The jet pack segments are easily the game’s best moments. Whenever you have the thing on, you can suddenly hop around the field however you wish, and with enough bombs and bullets, raining death from above becomes loads of fun (if a tad difficult if you want to be accurate). The freedom to scale most buildings in a single bound is intoxicating, as is the ability to position yourself for surprise distance attacks on enemy ambushes. The tower defense stuff, where you turn back siege armies, also makes for a fun little diversion and break from the main shooting levels, allowing for some fun, explosive play once you get a rhythm with the main canon. They appear just enough to not wear out their welcome.
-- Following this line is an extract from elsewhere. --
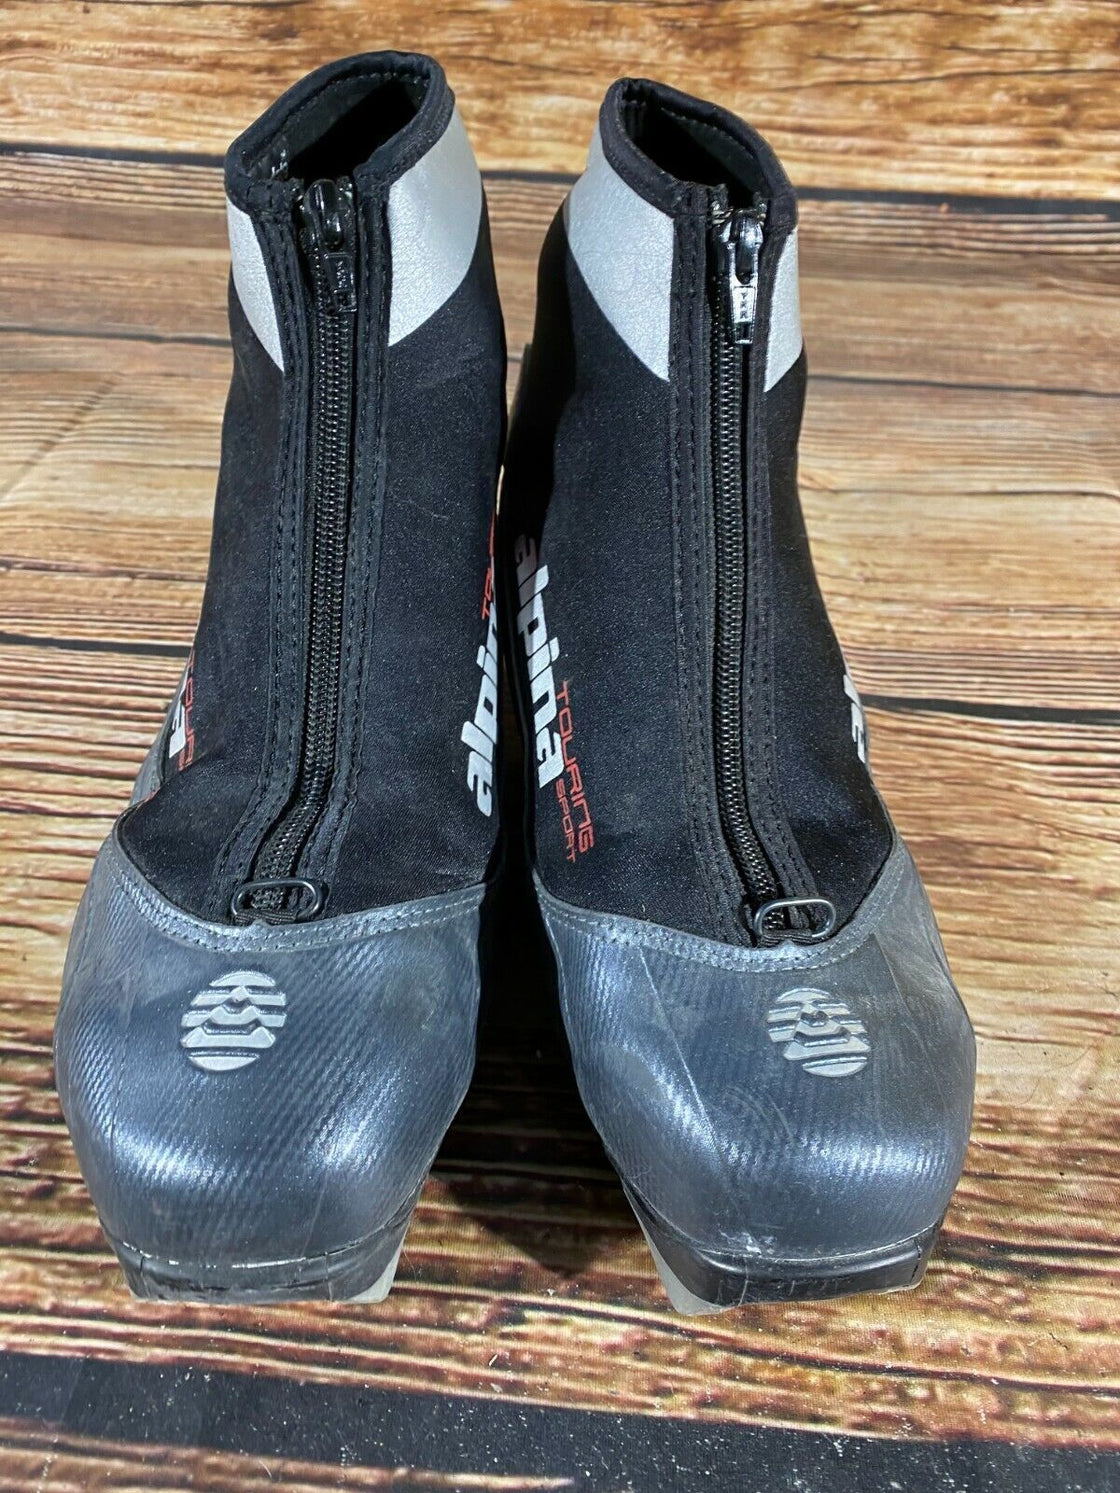 Alpina ST10 Nordic Cross Country Ski Boots Size EU41 US8 NNN bindings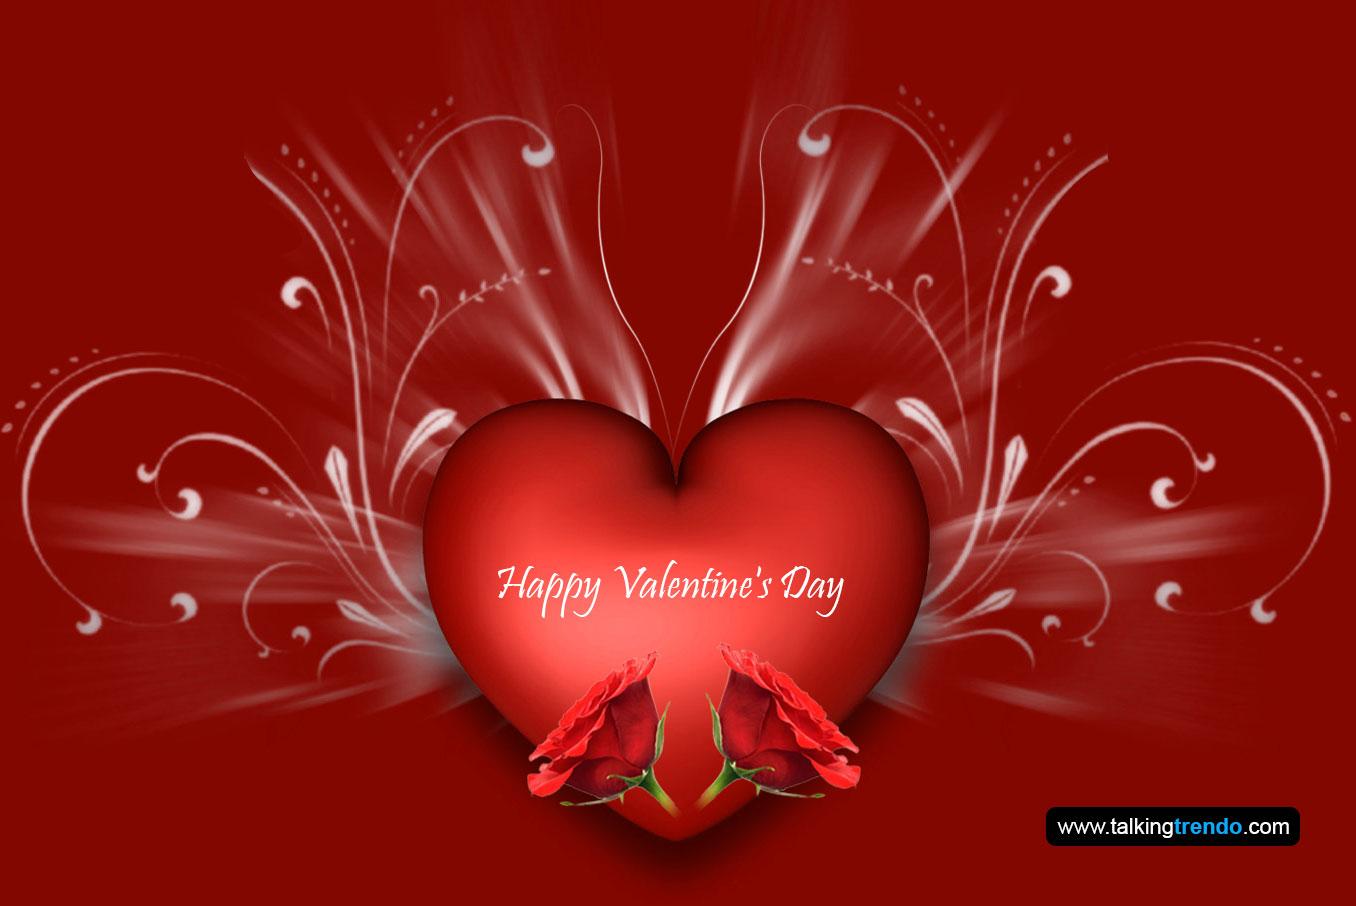 Happy Valentines Day Wallpaper 14 Feb Feb Valentine Day

There’s a lot of fun to be had with the game, including unlocking cheats and other extras by finding tokens in the various levels, though it still feels like it’s missing something. The game never has that moment that really tells you that you’ve experienced something special, no incredible boss or gameplay highlight. It’s certainly not bad, though, and a lack of mechanical excellence is made up for significantly by the overbearing (in a good way) personality. There is no other game quite like Armed and Dangerous, maybe not even MDK. It’s an original, and it did some cool stuff nobody had quite done before. Really, that’s the best way to describe the Planet Moon legacy. They may not have succeeded in the end, but they experimented and tried new things, and maybe, just maybe, they helped push the industry in new directions. You can’t take that away from them.